Abstract, State Machines Method for System Design and Analysis (2007) [pdf] - nickpsecurity
http://www.di.unipi.it/~boerger/Papers/Methodology/BcsFacs07.pdf
======
nickpsecurity
High-assurance systems of the 70's-80's used formal specification in languages
like Z and VDM to increase correctness of software. These were often hard to
use for a lot of people involved. The ASM's did similar stuff in a way that's
easy for programmers and even non-programmers to understand. Lots of tooling
got built for various stages of ASM development. These and similar things like
B method (esp Atlier-B) were used in industry to produce highly-robust
software proven correct from requirements to design to accurate models of
code.

Most verification uses Coq, Isabelle/HOL, etc these days. Closest thing to
this with adoption is TLA+. People using that or frustrated with the
difficulty of semantic methods definitely should look into ASM's.

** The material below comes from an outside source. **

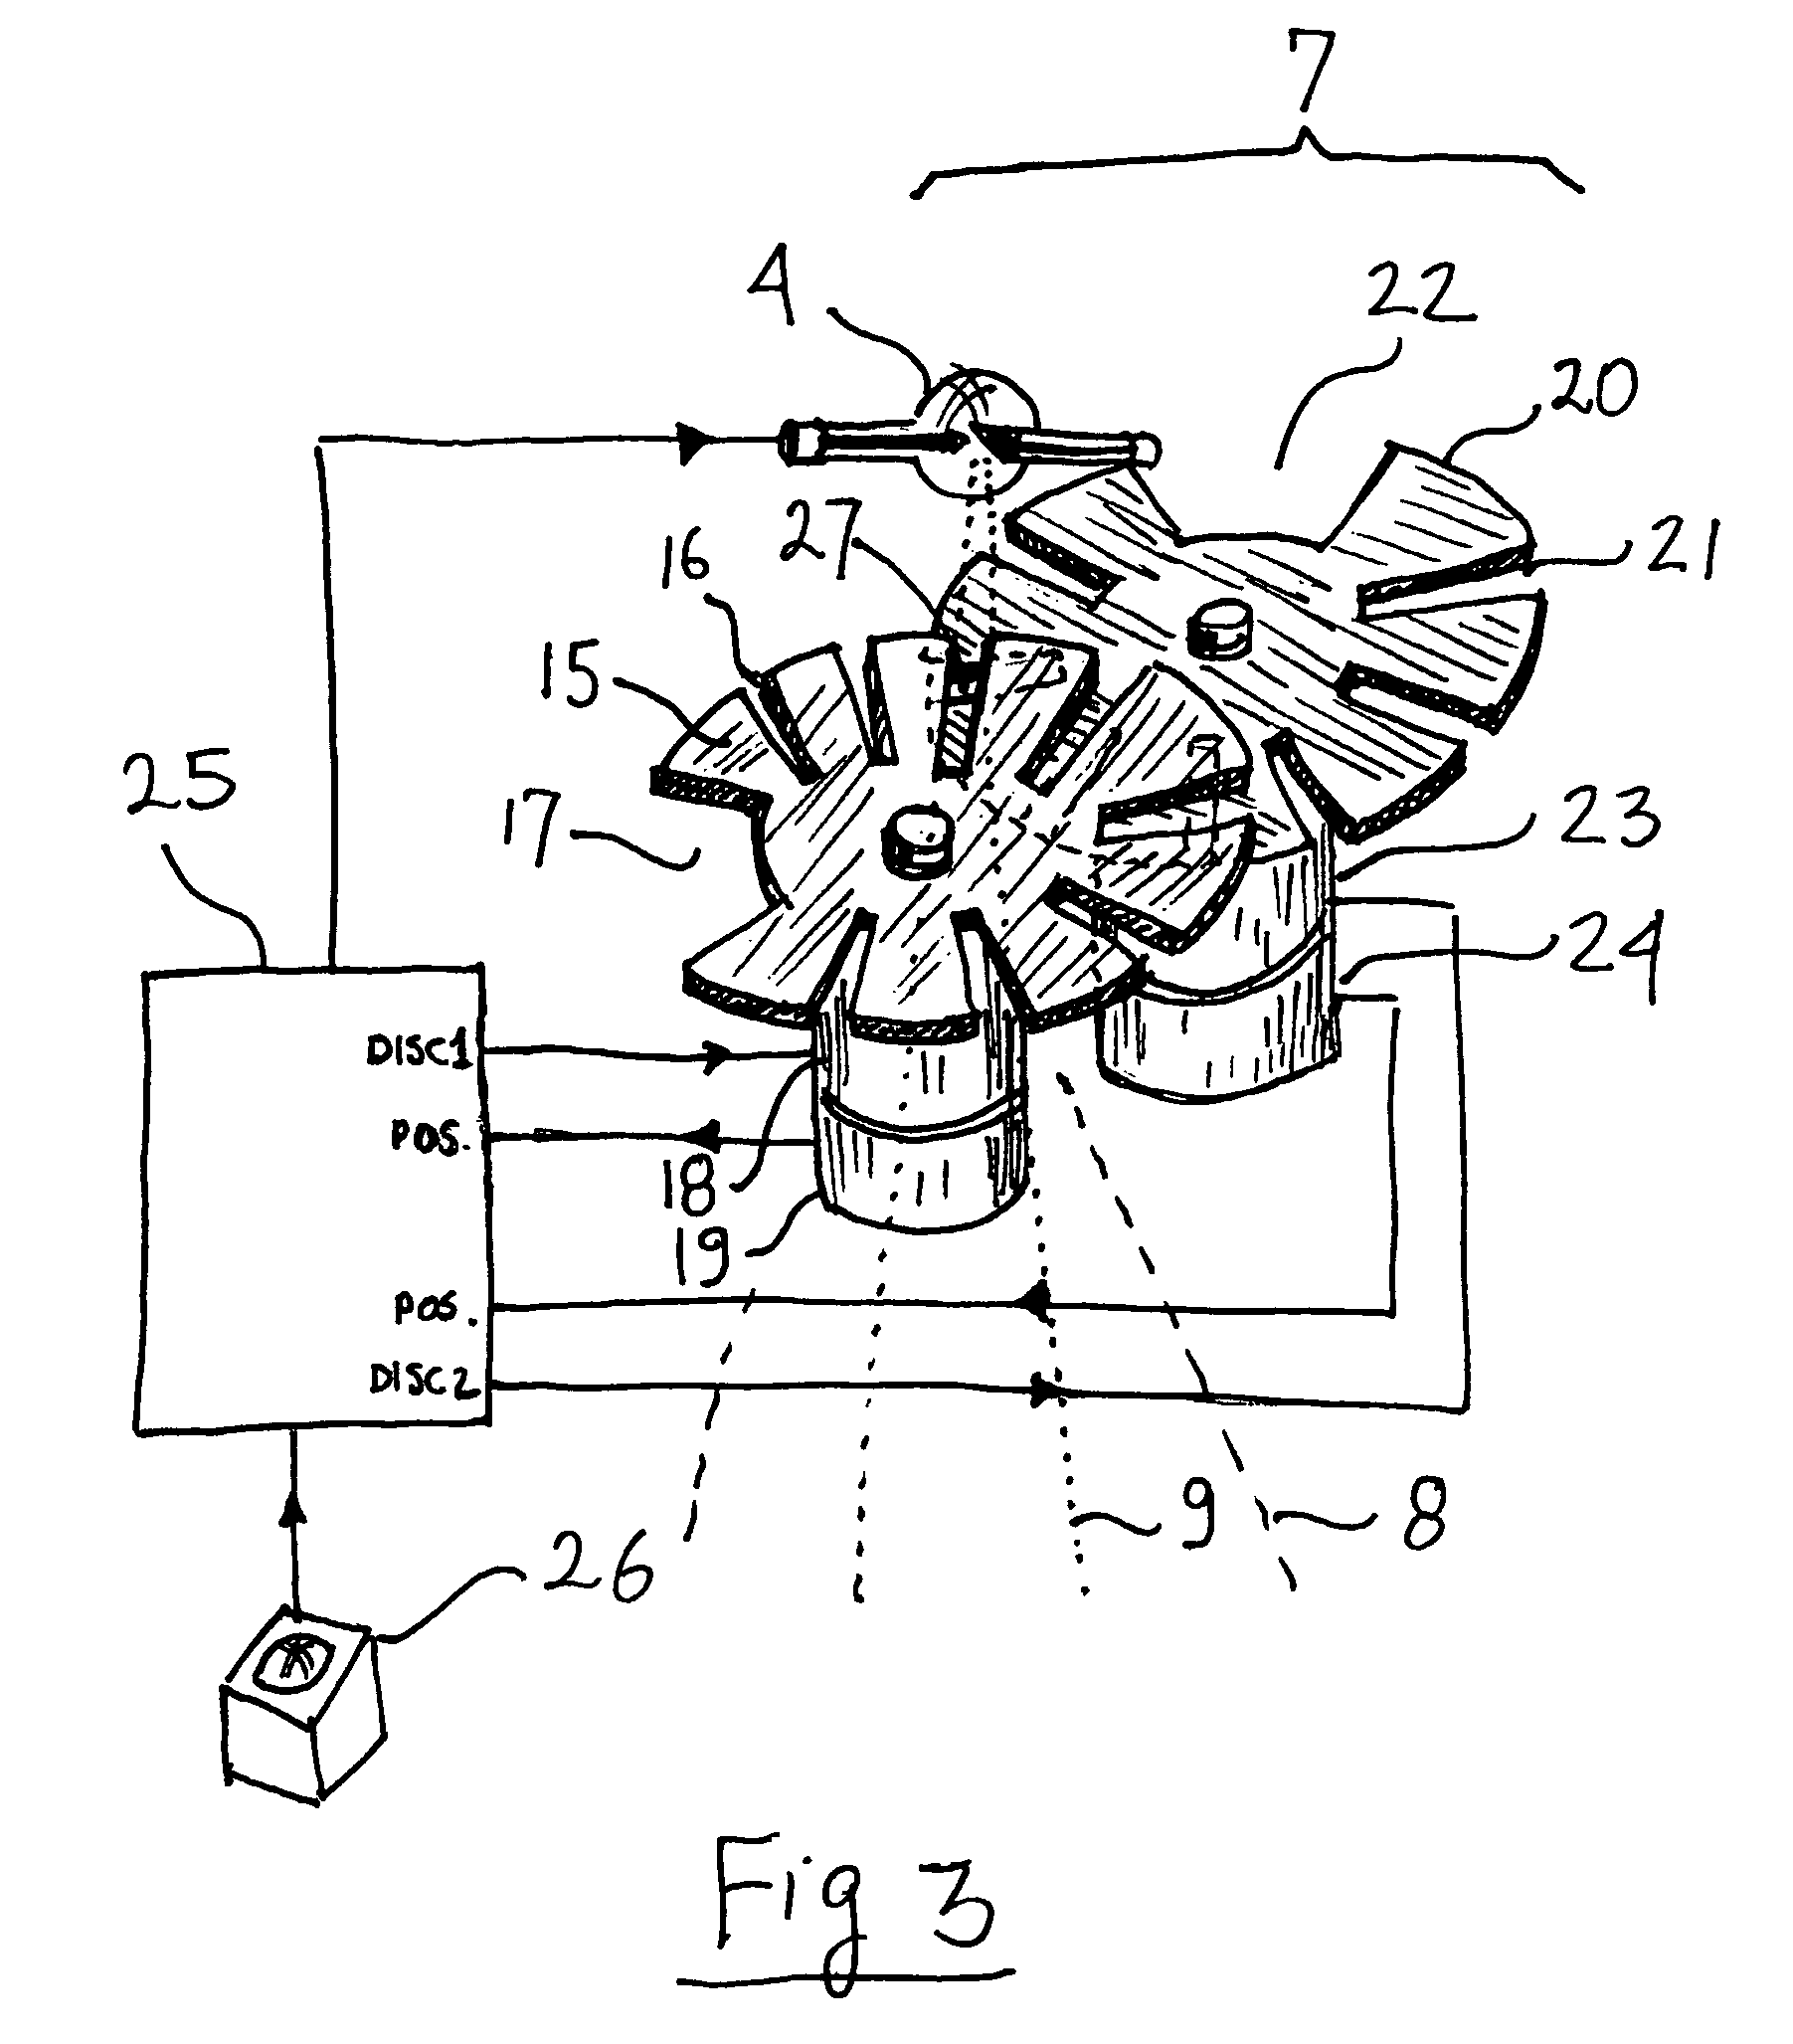 System for reduction of exposure to X-ray radiation
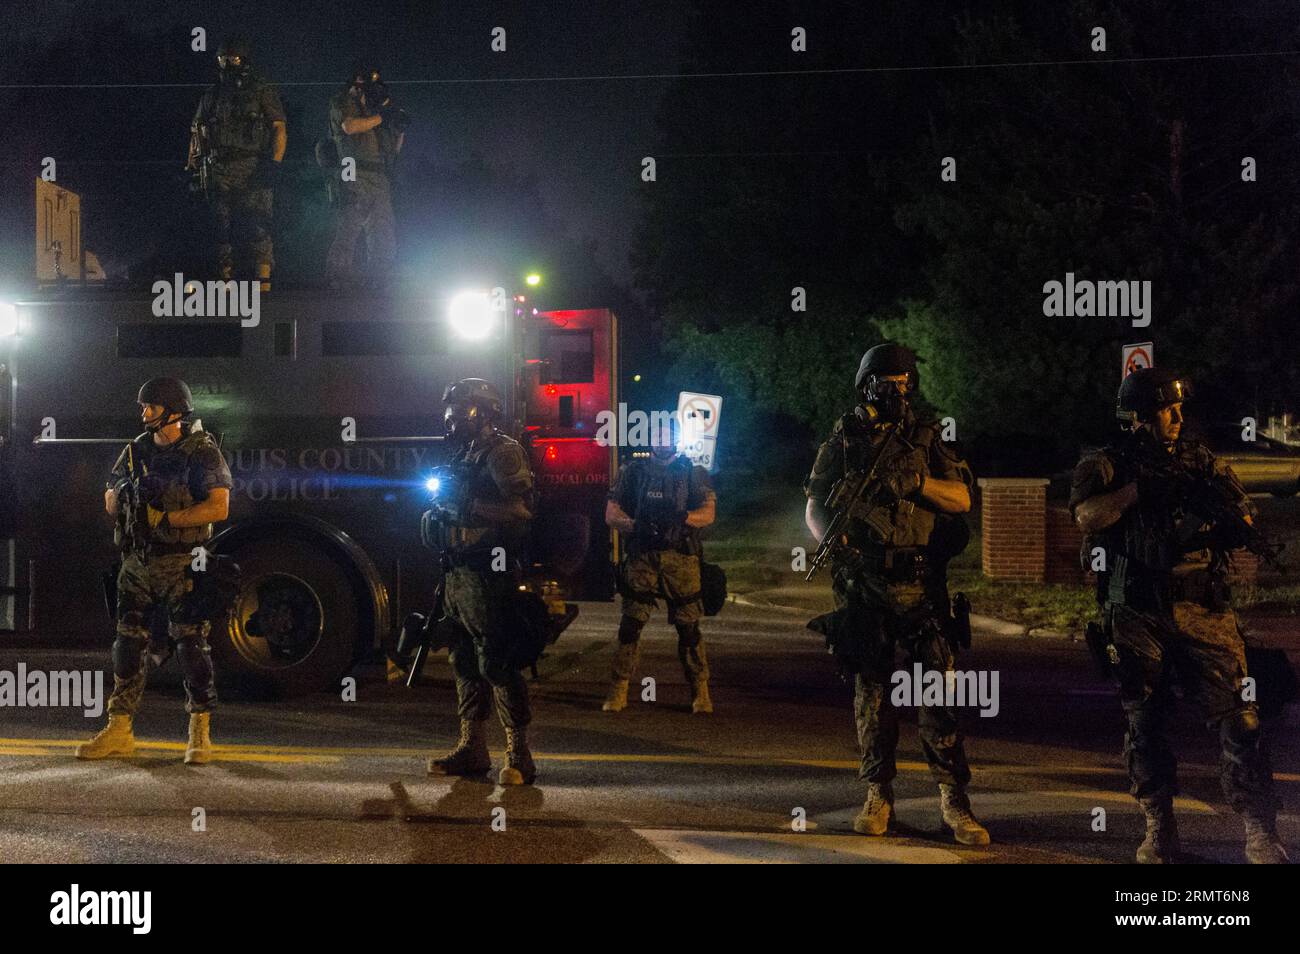 (140819) -- FERGUSON, Aug. 19, 2014 -- Police special units equipped with military gear stand guard during the protests against police killing of Michael Brown in Ferguson, Missouri, the United States, on Aug. 19, 2014. On Aug. 9, 18-year-old African American Michael Brown was shot dead by police in Ferguson, sparking a week-long protest in the town where most of the population is black. )(zhf) US-MISSOURI-FERGUSON-PROTEST ShenxTing PUBLICATIONxNOTxINxCHN   Ferguson Aug 19 2014 Police Special Units Equipped With Military Gear stand Guard during The Protest against Police Killing of Michael Bro Stock Photo

Survey of many uses of the method:

[https://pdfs.semanticscholar.org/81aa/8726219c4145ff6b893283...](https://pdfs.semanticscholar.org/81aa/8726219c4145ff6b8932837203d07b34b51e.pdf)

Use in verified compilation is particularly interesting. The components are so
small vs what I see in semantic methods. Here's the best one that I'm aware
of:

[http://www.complang.tuwien.ac.at/andi/papers/hipeac14.pdf](http://www.complang.tuwien.ac.at/andi/papers/hipeac14.pdf)